Wednesday, November 01, 2006

Poor Health for the Poor Living in Affluent Neighborhoods

In a provocative new study by Stanford University School of Medicine researchers, low-income people who were living in higher-income neighborhoods died at substantially higher rates than the poor who were living among the poor.

Mining data from a heart disease study that began in 1979, the researchers discovered that low-income women living in higher-income neighborhoods had a 70 percent higher risk of death during the study period than their wealthier neighbors. The risk profile was similar among men.
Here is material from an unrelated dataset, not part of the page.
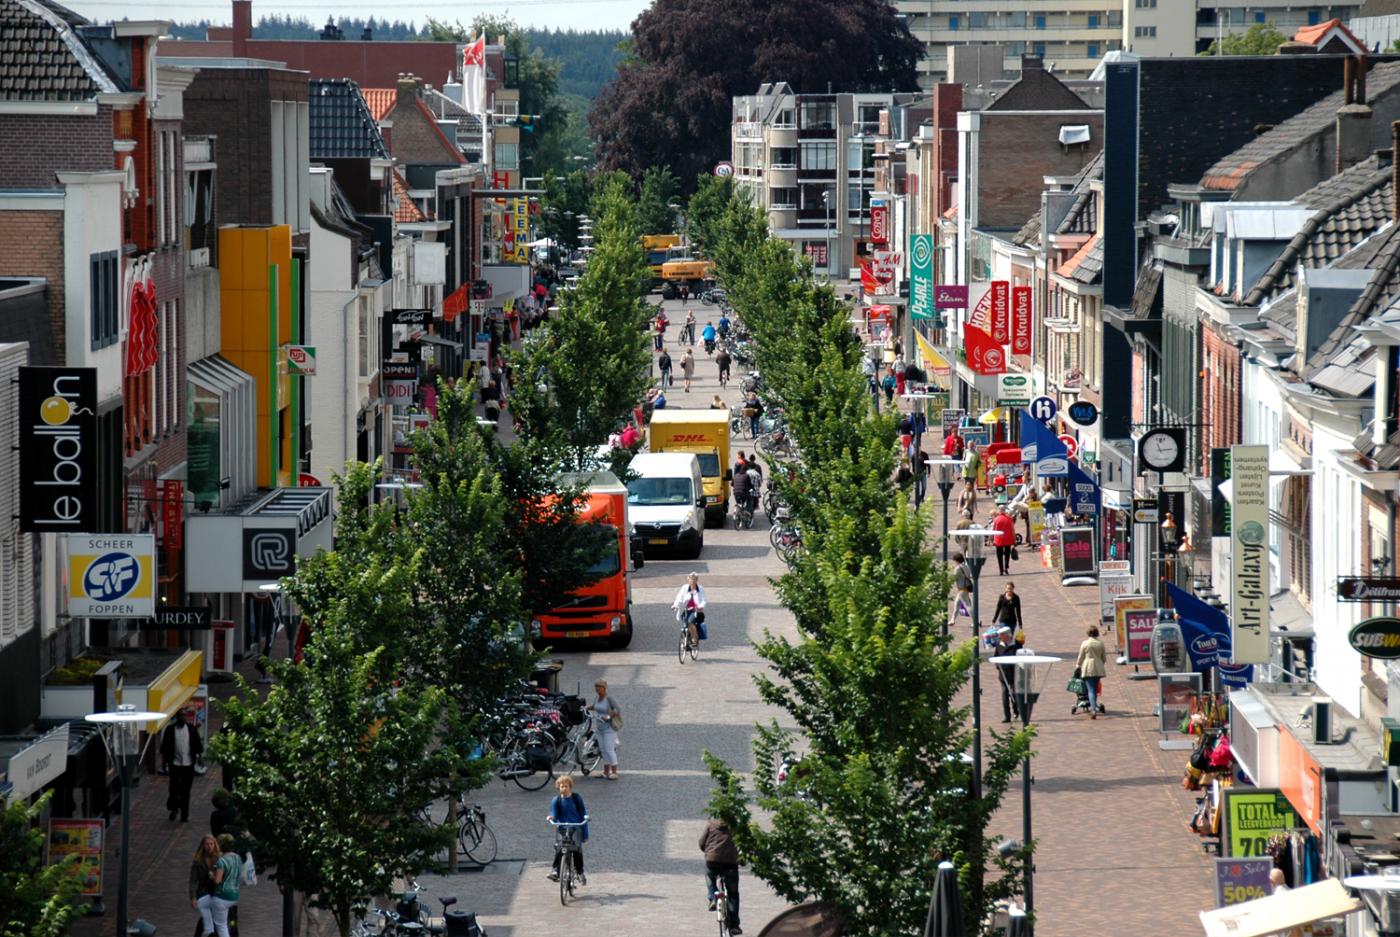 buro-sant-en-co-landschapsarchitectuur-veenendaal-winkelgebied-bovenaanzicht-hoofdstraat-vogelvlucht-inzoom

Researchers can only speculate why.

One theory is primarily economic. "They may have a home right next to a health clinic, a pharmacy or a private gym, but proximity does not mean access,'' said Winkleby. Instead of enjoying a movie or a game of racket ball after work, the poor person living in the wealthy neighborhood might be working her second shift just to keep up with the rent.
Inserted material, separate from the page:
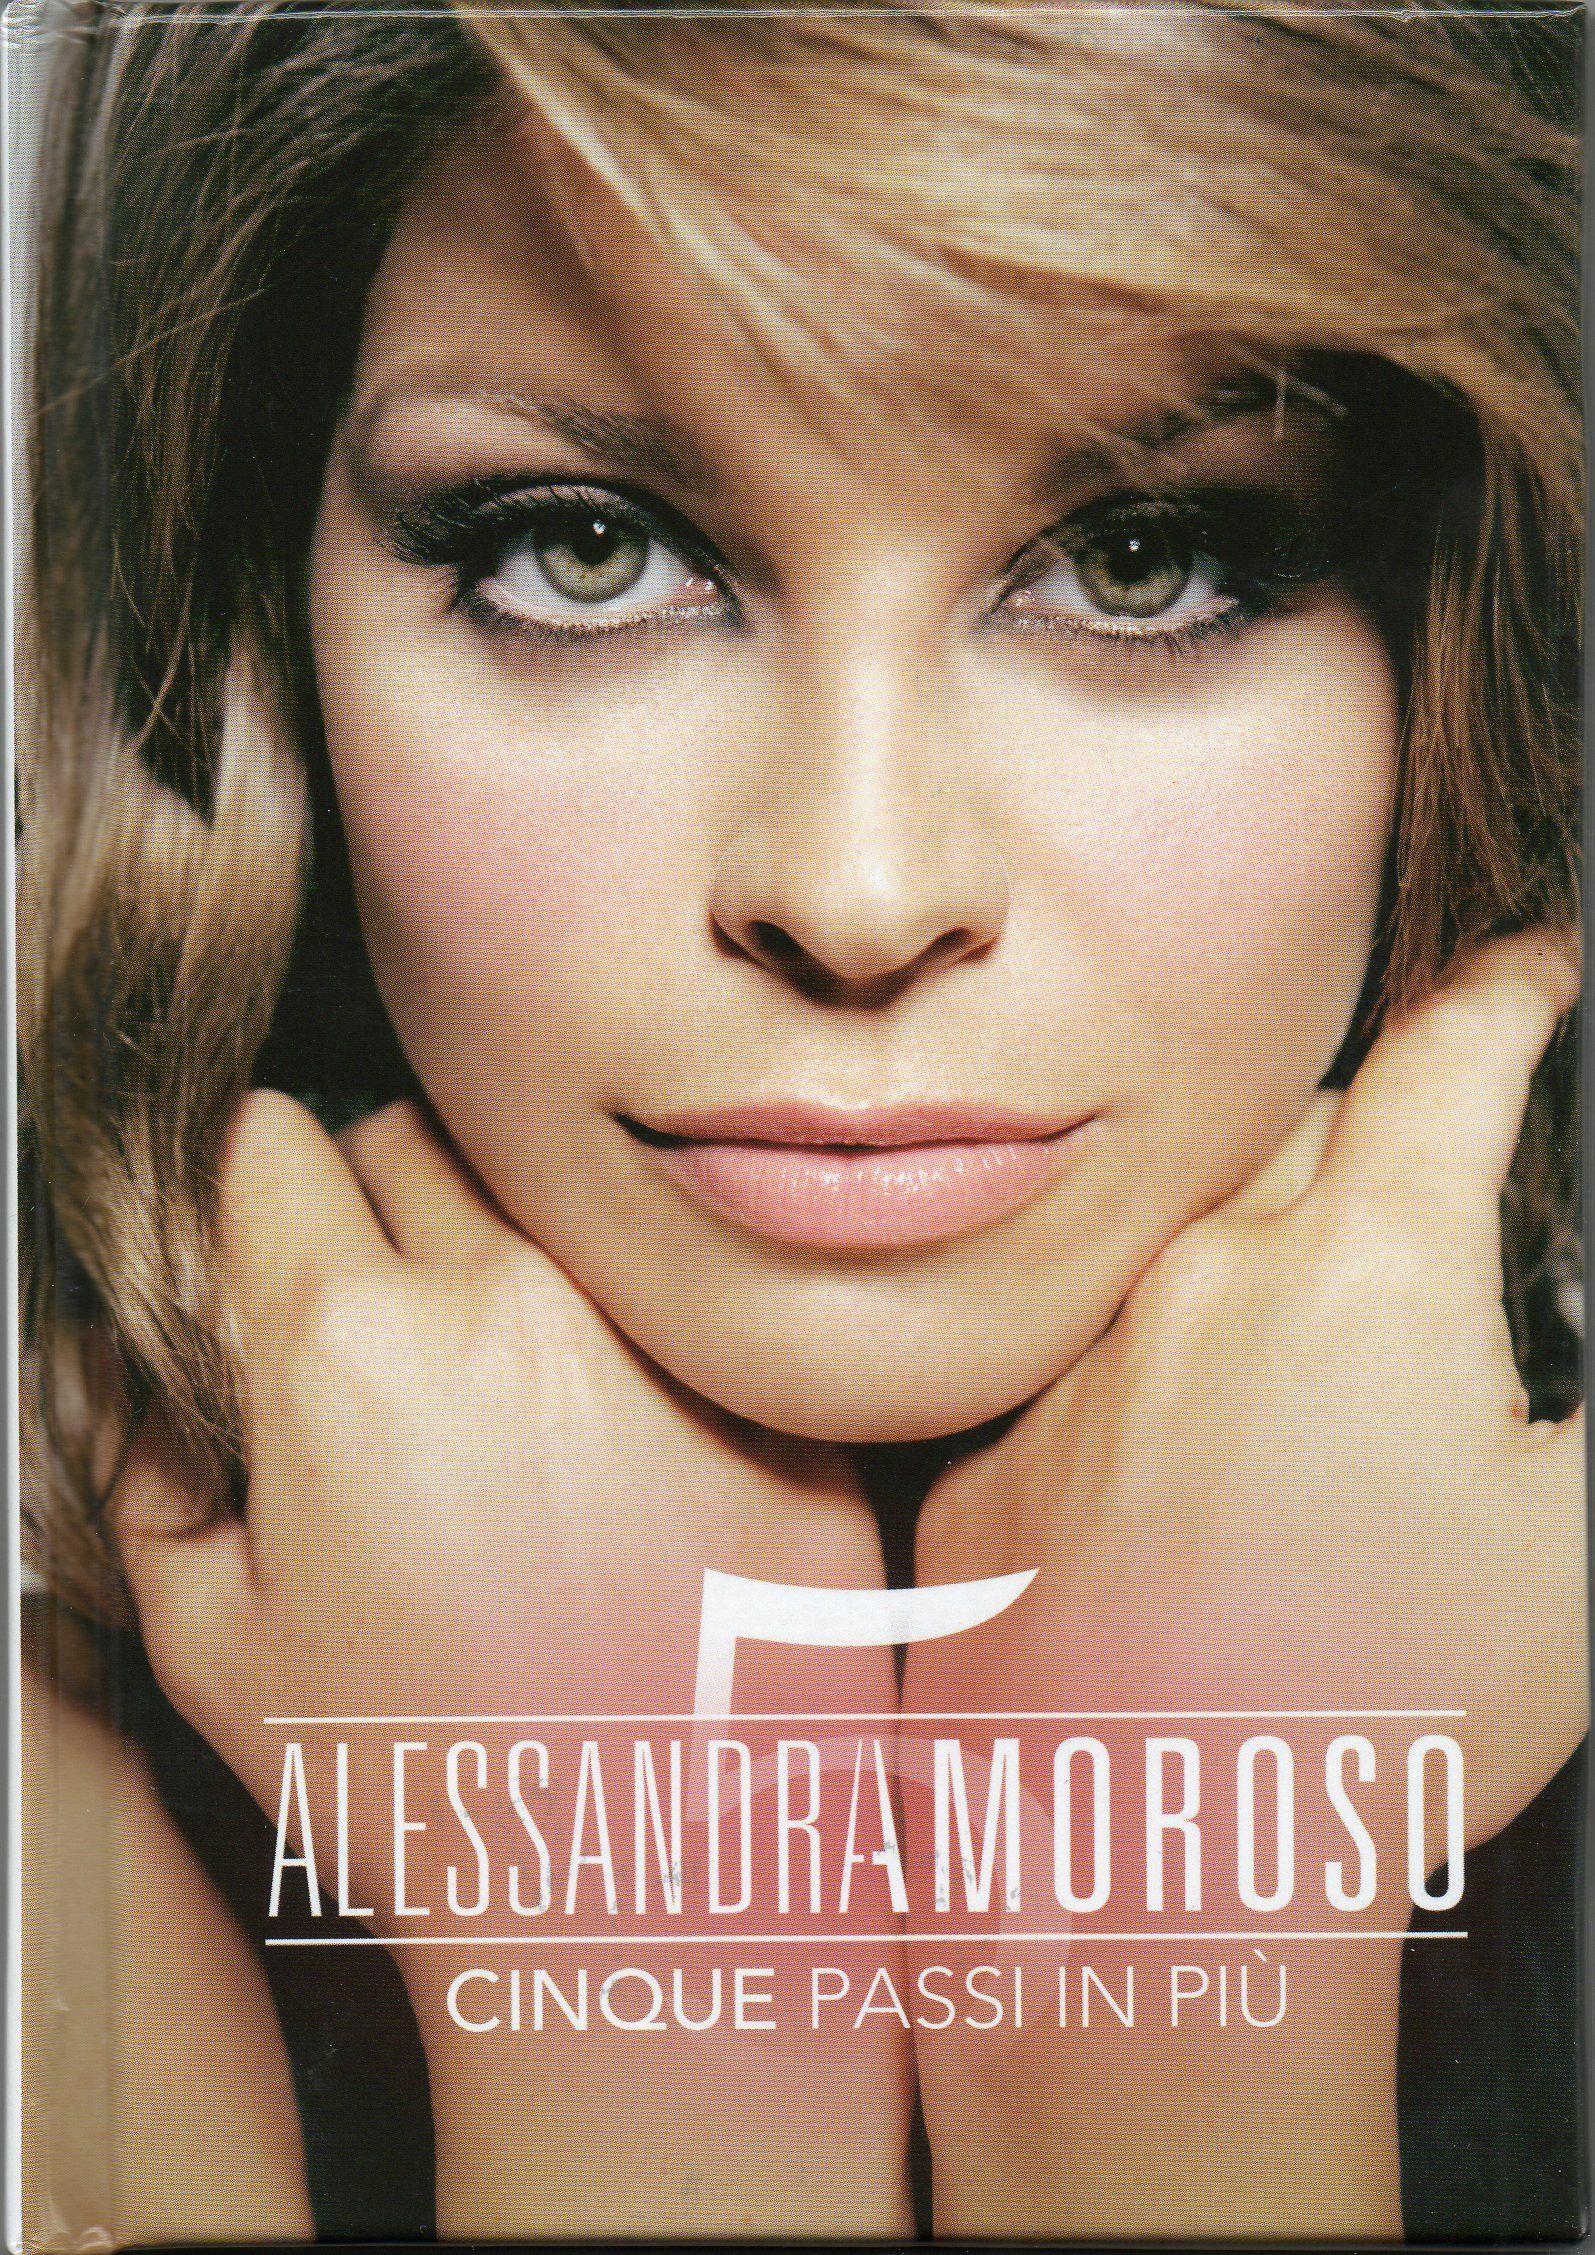 Alessandra Amoroso - Cinque Passi In Piu' album cover

Another theory reaches for a sociological explanation -- that people who feel isolated or out-of-place tend to have poorer health than those who feel part of a community, no matter what their economic status. Loneliness can be a killer.
Very interesting. I had thought that it would be better to try and get rid of concentrated pockets of poverty, to spread the poor out so no area had too high of a concentration. But with data like this, I will have to revisit that idea.

Of course, my belief might still be valid about extreme poverty like inner cities.
Winkleby cautioned that her study did not explore health disparities among people or neighborhoods representing extreme poverty or wealth. Instead, the study looked at people with median incomes as low as $18,300 to as high as $46,900.
via SF Gate


crush41 said...

Relative wealth is crucial, second only to health in terms of self-reported happiness (and presumably physical health as well!). Yet more circumstantial evidence.

We need more professionals and fewer menials. We need wealthier people to have more children and poorer people to have fewer. These are both key to closing the wealth gap. Our current immigration policies and AA policies do the opposite.

Fat Knowledge said...


You wouldn't happen to have a source easily available for the link between relative wealth, health and happiness, would you?

I would be interested to see a study of Mexican immigrants and how their health compares to similar people who staid home. This study suggests that those that stay home would have better health. If that were true, you might be able to convince a globalist like me that immigration isn't always a good thing.

As for poorer people having fewer children, I wonder if that is looking at it backwards. That people become poor because they have children. I would guess that there are very few poor people that have no children or waited until 30 to have children.